Before we dive into the actual results, let me take a quick aside to describe one of my processes for benchmarking these applications. Due to the small size of the datasets available for benchmarking, I limited the amount of memory the containers had access to during training to ensure the full dataset didn't fit in the file system cache. If I had not limited the memory, the application would have read the dataset into memory during the first training epoch, then all subsequent epochs would fetch the data from the file system cache instead of doing any reads from disk.
And while this is an ideal way to run applications — have enough memory to fit your entire dataset — it's pretty unrealistic. The largest dataset used by the benchmarks is the ImageNet dataset for the image classification benchmark that clocks in at 136GB. Here at Micron, we have datasets for training that are several Terabytes in size, and we hear from our customers that they see the same thing: production datasets are quite a bit larger than the datasets used in these benchmarks.
While I can't change the datasets these benchmarks use, I can change how the system is configured to make the results more representative of what we see in the real world.
Let's find out if limiting the container memory worked. With no limits placed on memory, I saw nearly negligible average disk throughput. However, once I limited each container to an amount of memory such that only a small portion of the dataset would fit in memory. I saw drastically different disk utilization: (note that the scale for the vertical axes are different in these two charts)
For Image Classification, we see 61x higher disk utilization after we limited the amount of memory to the container. (This makes a lot of sense as the training process is 62 epochs long and the unlimited memory configuration only needed to read from disk for the first epoch.)

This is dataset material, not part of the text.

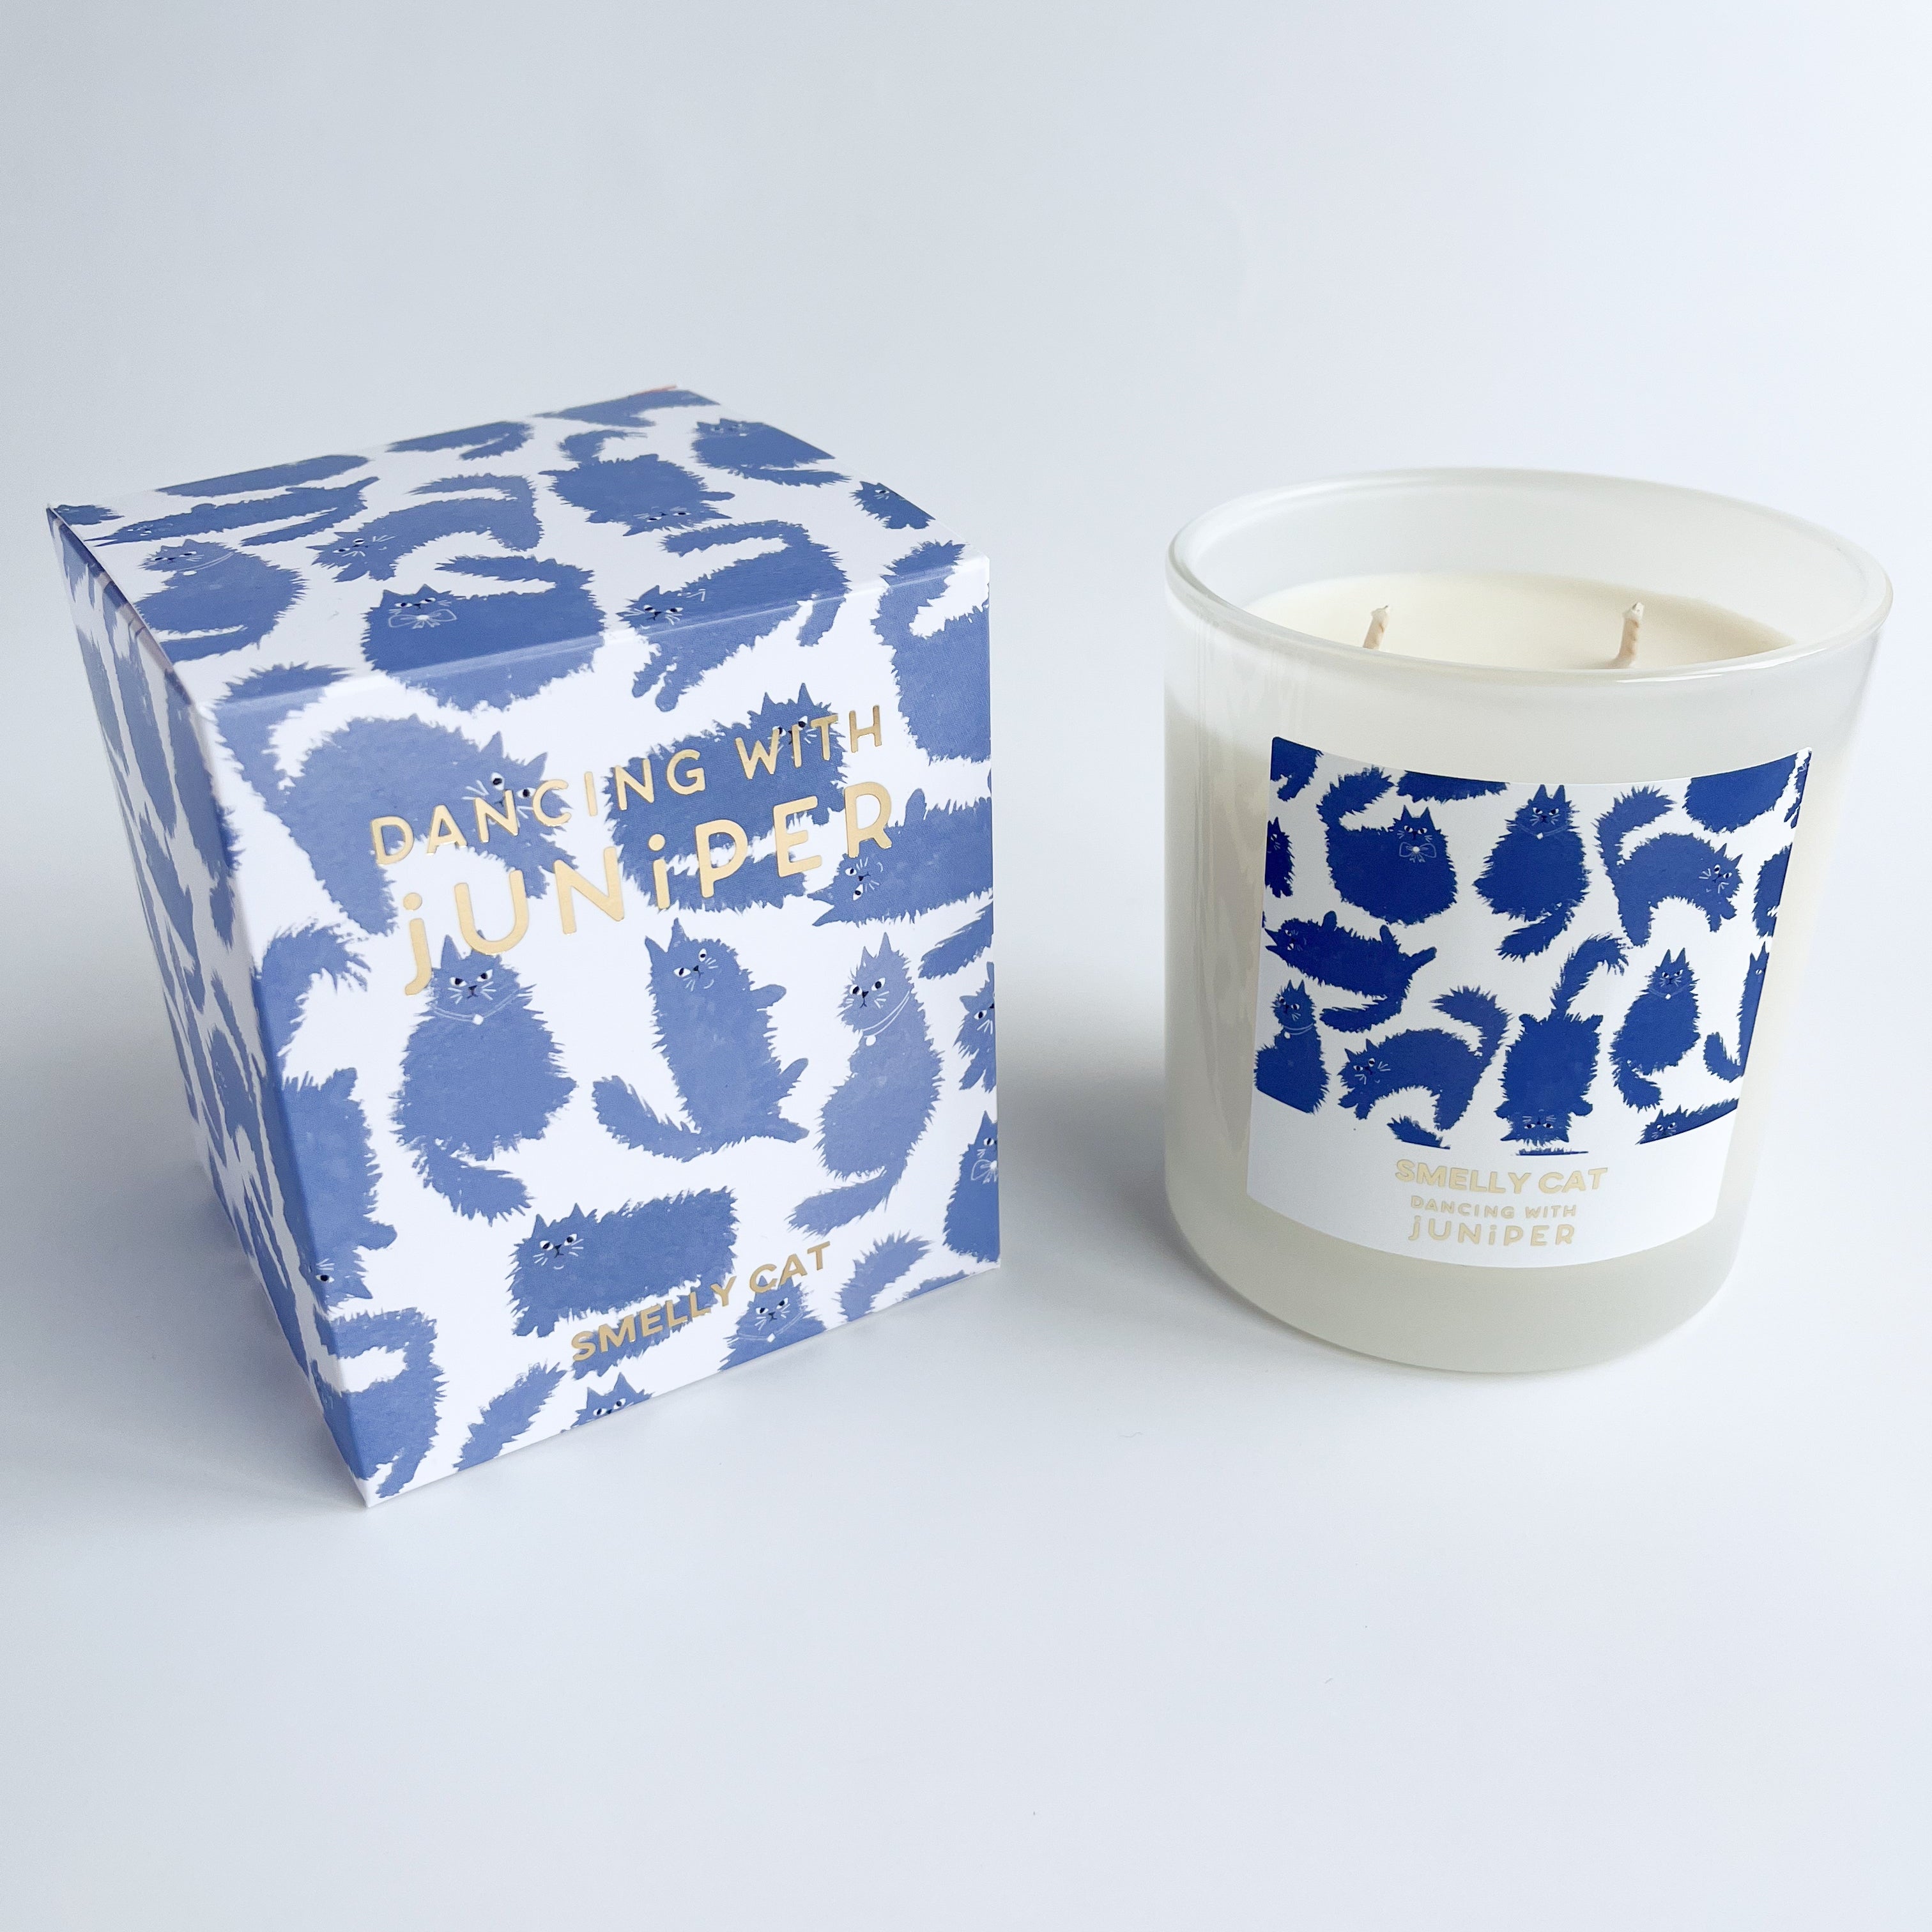 Smelly Cat Soy Candle - candle - Dancing with juniper

Okay, so we know that limiting the memory available to the container will change disk utilization, but what does it do to the performance of our training process? It turns out, that so long as you have fast enough storage there is a negligible impact to your application:
This result is a bigger deal than it initially seems. What we've shown is that, so long as your storage can keep up during the training process, you'll be able to get full utilization of your GPUs (dependent on your software stack) even if your dataset is too big to fit in local memory.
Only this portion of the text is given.